Chaque samedi, un financier différent répond à nos questions. Il donne sa lecture des marchés, offre son point de vue sur la Bourse et lance quelques conseils d'investissement. Cette semaine, David Tremblay, d'Intact.

À votre avis, quel est l'événement le plus significatif des derniers jours à la Bourse?

Dans le cadre de l'accord de Bâle III, la Banque des règlements internationaux qui veille à la stabilité financière dans le monde a confirmé que les actions privilégiées qui ne satisfont pas aux nouvelles exigences seront progressivement abolies entre 2013 et 2023.

Pour remplacer les actions privilégiées actuelles, les banques devront maintenant émettre du capital contingent. Ces titres sont convertis automatiquement en actions ordinaires si la banque devient insolvable. Ainsi, les porteurs de ces titres écopent, tout comme les actionnaires ordinaires, advenant la situation peu probable où le gouvernement est forcé d'injecter de l'argent pour sauver l'institution.

Même si ce changement était déjà prévu, la nouvelle a eu un léger impact positif sur les actions privilégiées existantes: comme elles ne satisfont pas aux futures exigences, les banques seront davantage motivées à les racheter. Les actions privilégiées de banques qui se négocient présentement à escompte devraient bien performer dans ce contexte.

Mais il faudra attendre la prochaine étape, soit la confirmation par le Bureau du Surintendant des institutions financières du Canada, pour connaître le traitement de ces instruments dans le contexte canadien.

Quel indicateur surveillez-vous le plus attentivement en ce moment?

Dans mon esprit, la clé dans le monde, c'est l'emploi aux États-Unis. Si le marché du travail reprend du poil de la bête, cela redonnera de l'élan aux économies occidentales, tant du côté américain qu'européen.

Que feriez-vous avec 10 000$ à investir?

En tant que gestionnaire d'actions privilégiées, je regarde du côté des actions à taux flottant, qui versent un dividende variant en fonction du taux préférentiel des banques, comme les actions privilégiées de BPO Properties. Ces titres se négocient présentement à escompte et si l'économie va mieux, le taux de dividende pourrait monter.

Quel placement évitez-vous à tout prix?

Je suggère d'être prudent avec certaines actions privilégiées à taux ajustable qui ont été émises ces dernières années. Leur dividende s'ajuste aux cinq ans, en fonction des taux d'intérêt, ce qui protège les investisseurs contre les risques d'une remontée des taux qui ferait perdre de la valeur aux actions privilégiées.

Mais les actionnaires ne sont pas protégés contre les risques de crédit. Ces titres demeures des actions privilégiées perpétuelles(sans rachat au gré du porteur). Il faut analyser minutieusement le risque de crédit de l'émetteur, si on ne veut pas être coincé avec un mauvais crédit à perpétuité!

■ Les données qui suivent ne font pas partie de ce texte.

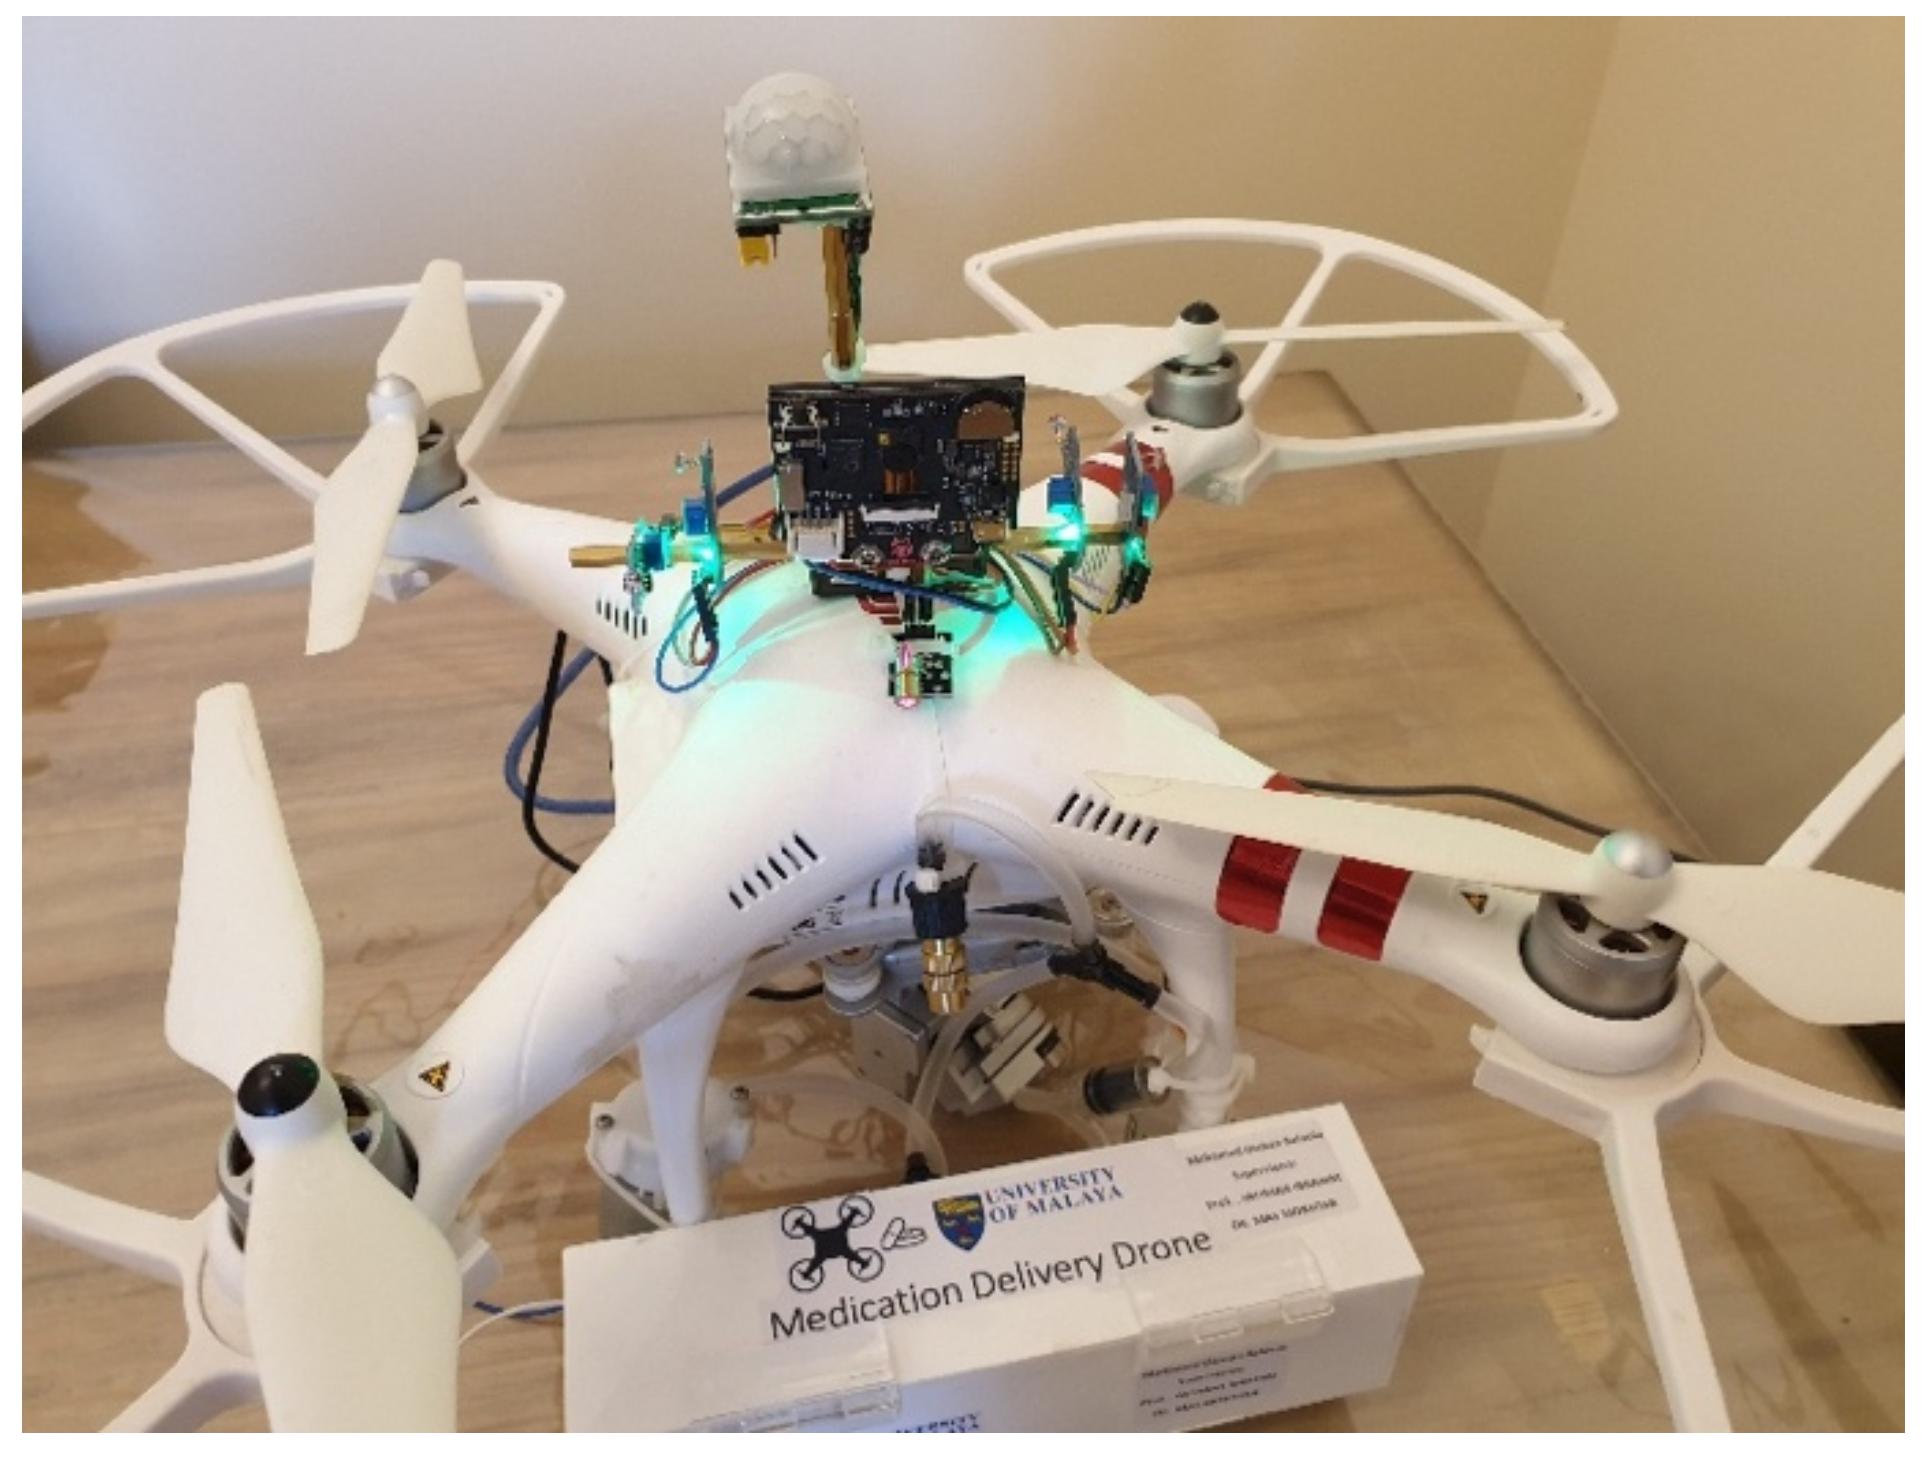 tendens hobby høst Sensors | Free Full-Text | Optimization of Medication Delivery Drone with  IoT-Guidance Landing System Based on Direction and Intensity of Light

Demandez à votre conseiller s'il a fait ses devoirs, surtout pour les actions privilégiées qui ont un crédit évalué à P3. Sur une échelle de P1 à P5, les titres qui obtiennent une note de P1 et P2 sont les plus solides. À P3, certains émetteurs sont bons, d'autres moins. Il faut être très sélectif, en achetant les actions privilégiées qui se négocient à escompte et qui offrent un risque de crédit acceptable.

Qu'est-ce que les marchés sous-estiment le plus présentement?

Ce que les gens oublient, c'est que la liquidité est encore phénoménale dans le marché. Cela va continuer de supporter l'ensemble du marché des capitaux en 2011. C'est l'élément le plus important à court terme. Les taux d'intérêt sont presque à zéro. Les investisseurs cherchent un endroit pour redéployer leur argent. Cela met beaucoup de pression à la hausse sur les marchés.

Diplômé de l'Université de Sherbrooke, David Tremblay oeuvre depuis 2000 en finances. À titre de vice-président et gestionnaire d'actions canadiennes chez l'assureur Intact, il gère deux milliards de dollars d'actifs, notamment pour deux fonds communs distribués au grand public: le Fonds Omega d'actions à dividendes élevés et le Fonds Omega d'actions privilégiées.